So how do we, the IT professional (warrior,) get under the hood in much the same way as Mike and his crew to see what is going? Fortunately we can do it without destroying walls or having to remove asbestos from old pipes. Installing a comprehensive monitoring system with deep inspection and visibility into systems and components can give you exactly the same type of information Mike and his crew derive from checking the condition of framing, mechanical systems, and other aspects of a home. With a good monitoring system you will have visibility, in almost real time, into the health, performance and behavior of systems and applications.
Here is a great example of a real situation of our fellow Voyants (MSPs using Servoyant to provide service to their customers) recently shared with us.
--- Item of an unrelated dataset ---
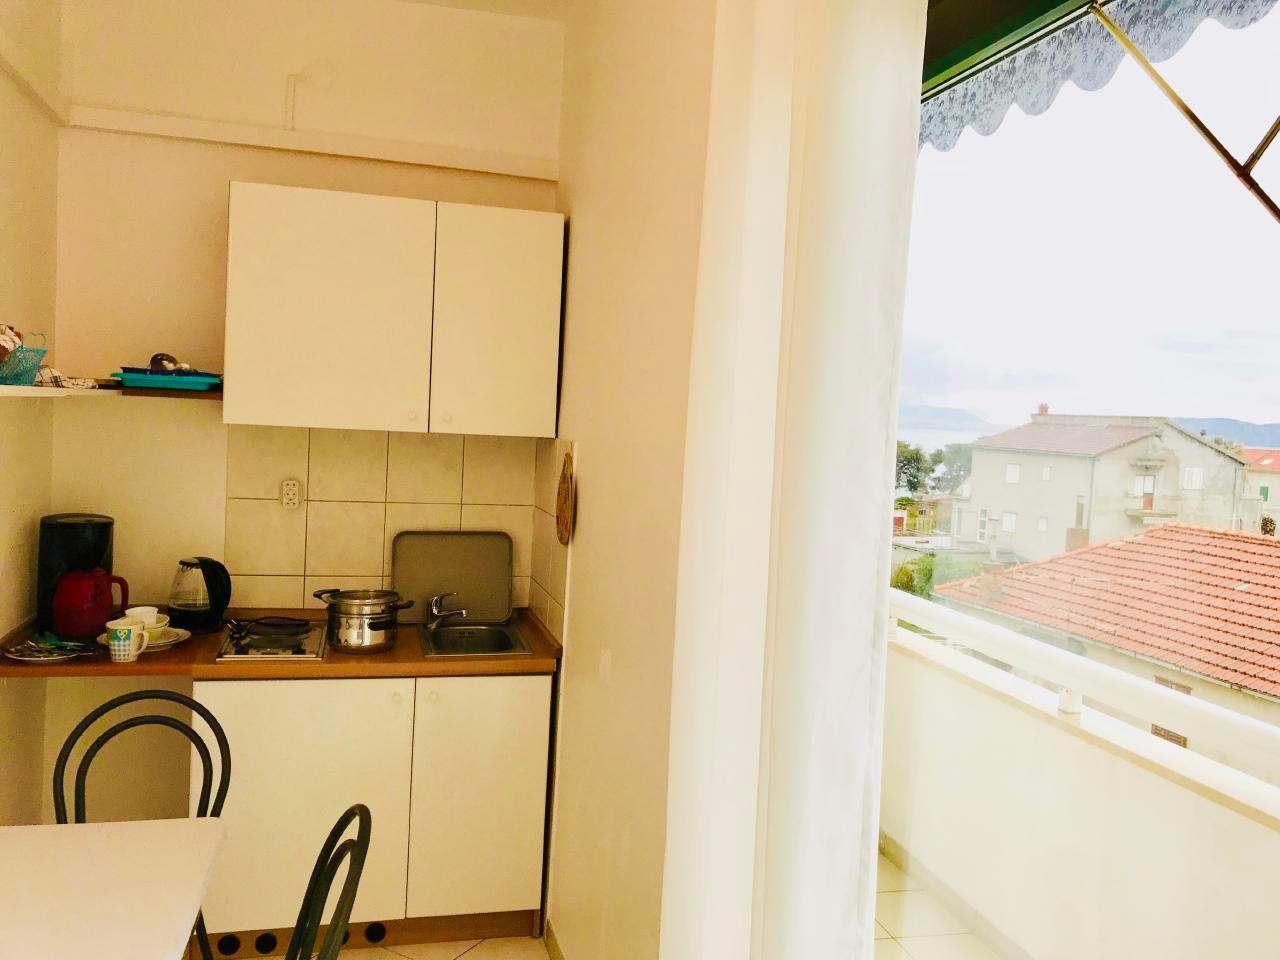 Ferienwohnung Apartmenthaus Ruza 7 - Studio (98388), Kaštel Štafilić, , Dalmatien, Kroatien, Bild 48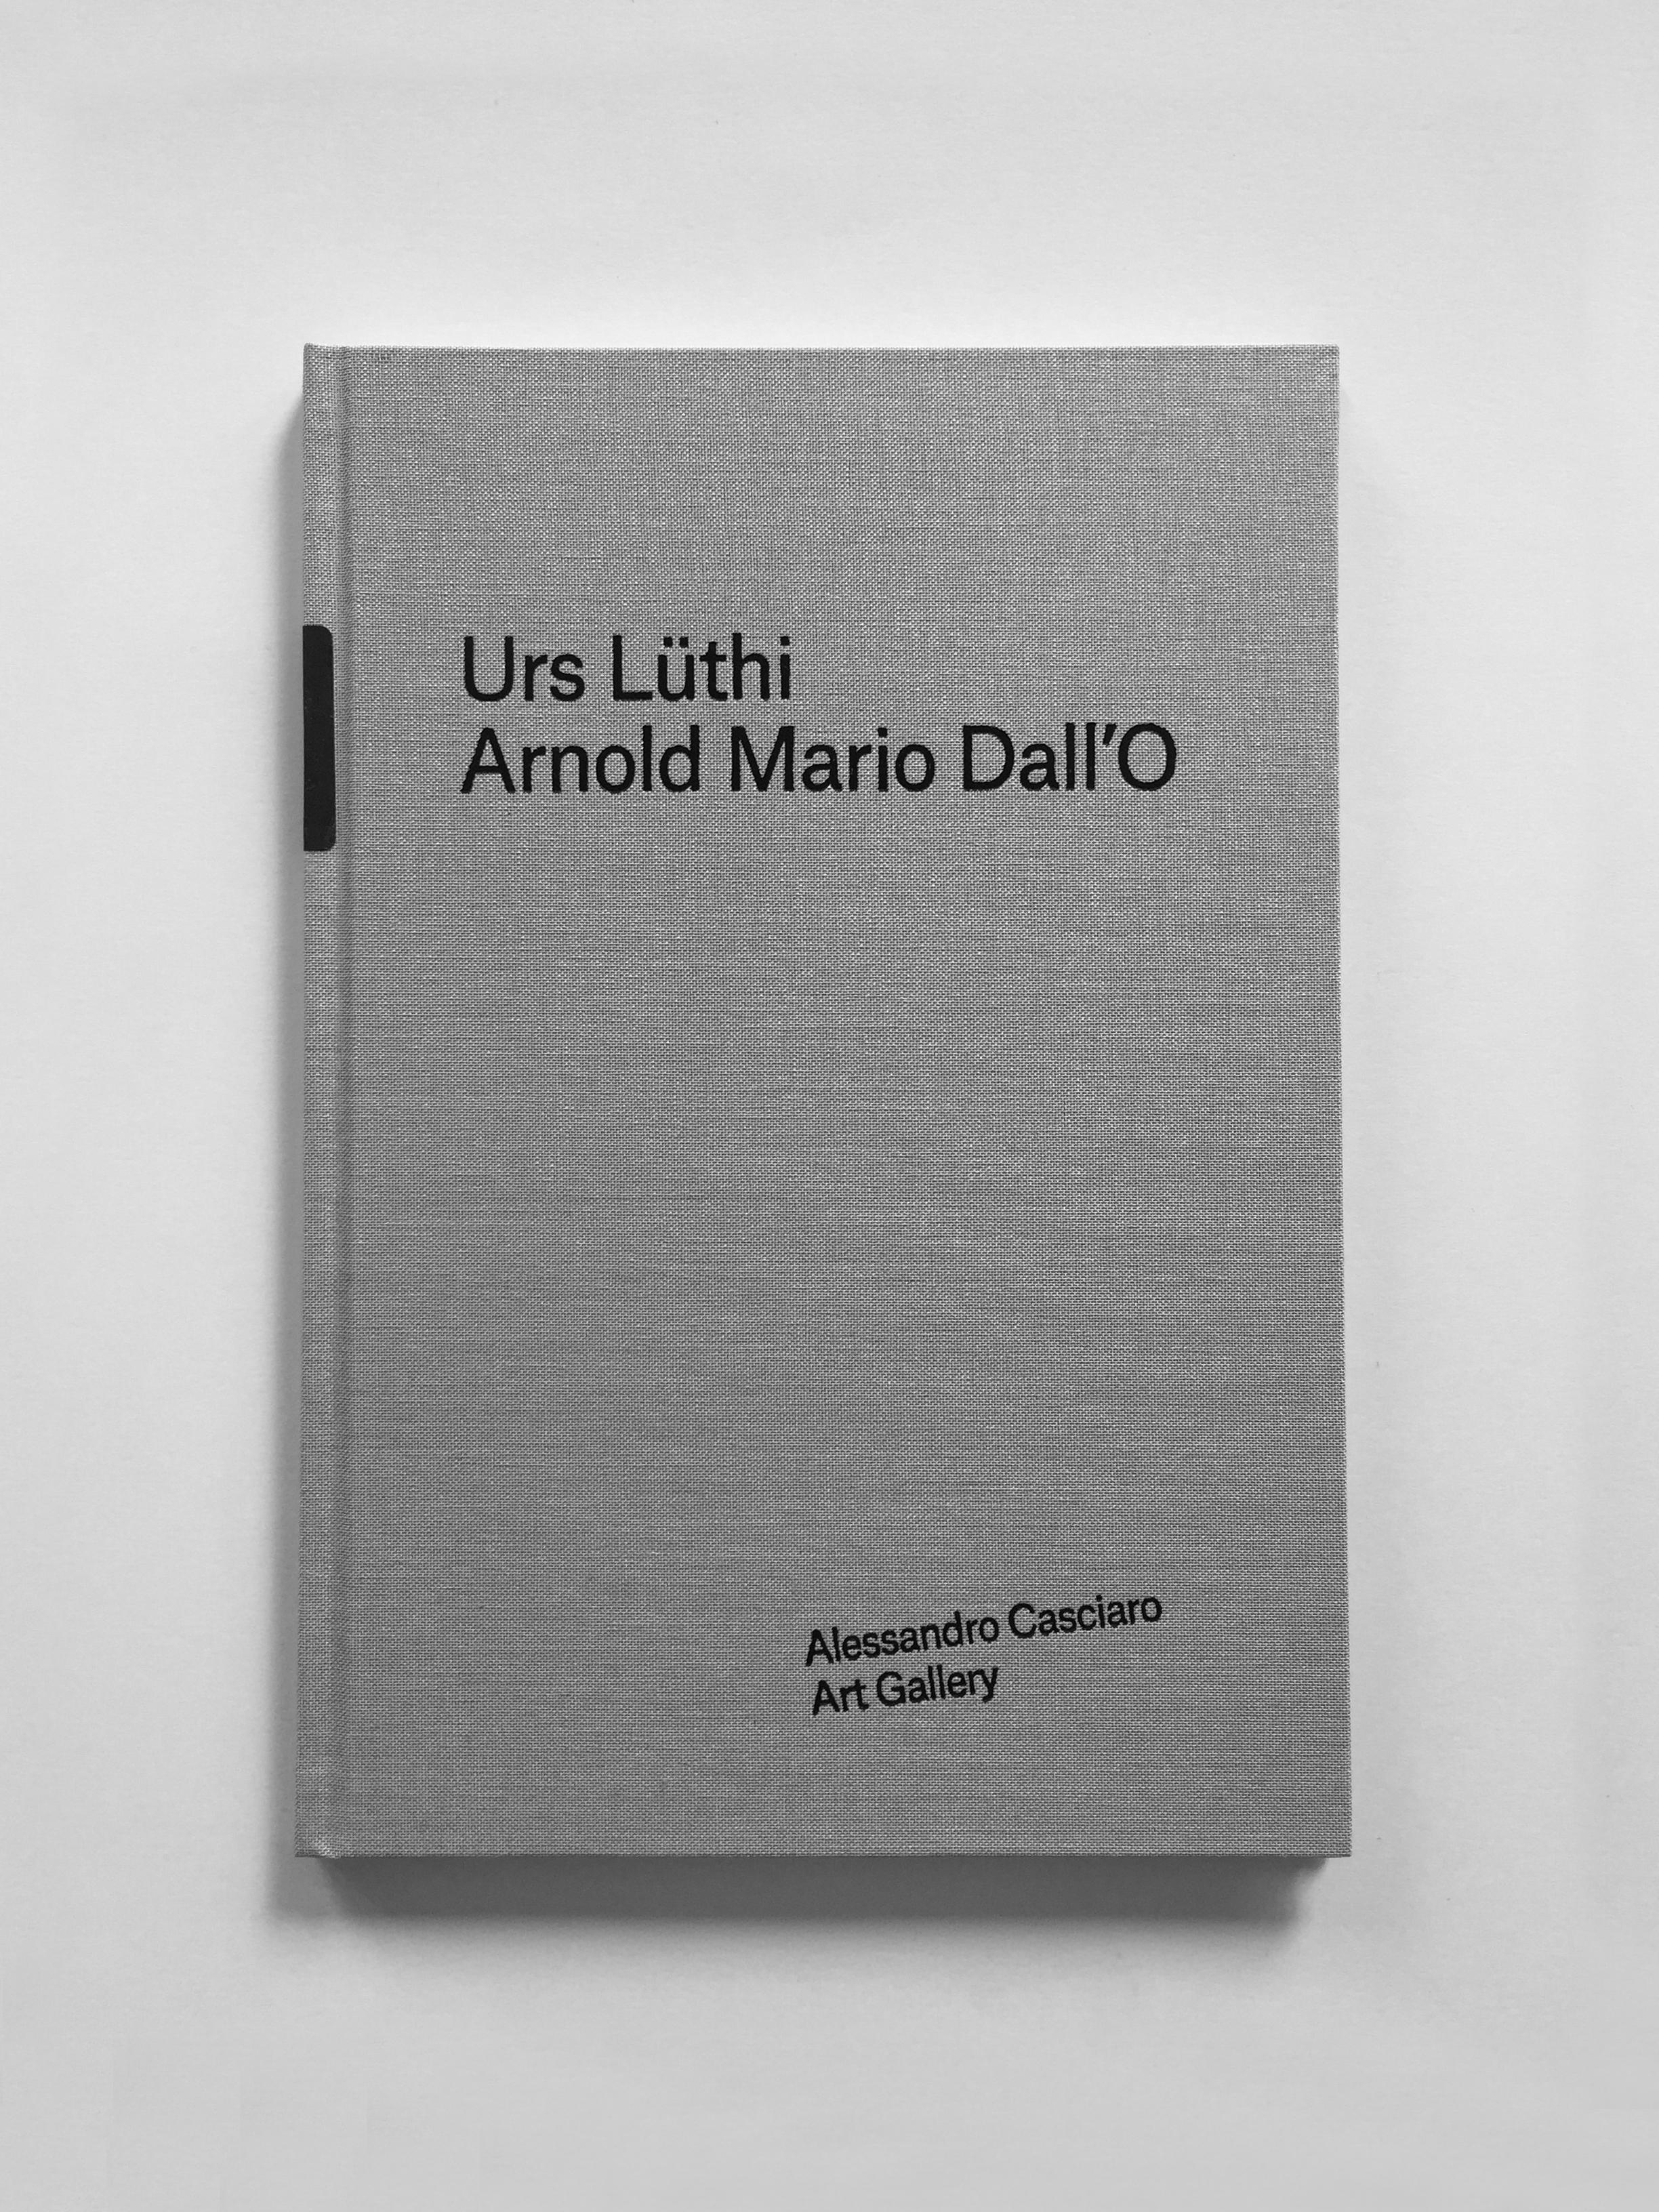 Urs Lüthi & Arnold Mario Dall'O

The client’s network is a diverse network spread out across 20 locations throughout the United States. There are approximately 120 total users, and they are heavily dependent on their ERP package, which is delivered via 4 load-balanced terminal servers to end users across all locations. The core infrastructure is located at a data center and consists of HP servers running in a Hyper-V cluster along with dedicated database servers. Everything was running great until the latest ERP upgrade.
Although everything ran fine during the pilot of the new ERP package, as soon as the new version was rolled out to the entire company, the problems began to manifest themselves. Entering orders would take 30-45 seconds just to change screens. Querying inventory could take 3-4 minutes per item being queried. This became the hottest topic of conversation among the employees, and neither they nor management was happy about what was going on. Instead of turning to the ERP people, management turned to their IT provider, our fellow Voyant. It was a good thing they did.
Traditionally the solution to these problems would just be to throw more hardware at it. If something is slow, then it must need more memory, faster processors, etc… This was the conventional wisdom of the past. When you are dealing with live, production systems, a forklift upgrade may not always be an option. Plus how do you explain to the client that they will need to upgrade all of the equipment they just purchased six months ago? No matter how you slice it, we can no longer make blind recommendations in today’s demanding IT environments. The good news is that with the right tools in place, you do not need to guess. You can find the root cause and make the right recommendations, just like Mike Holmes.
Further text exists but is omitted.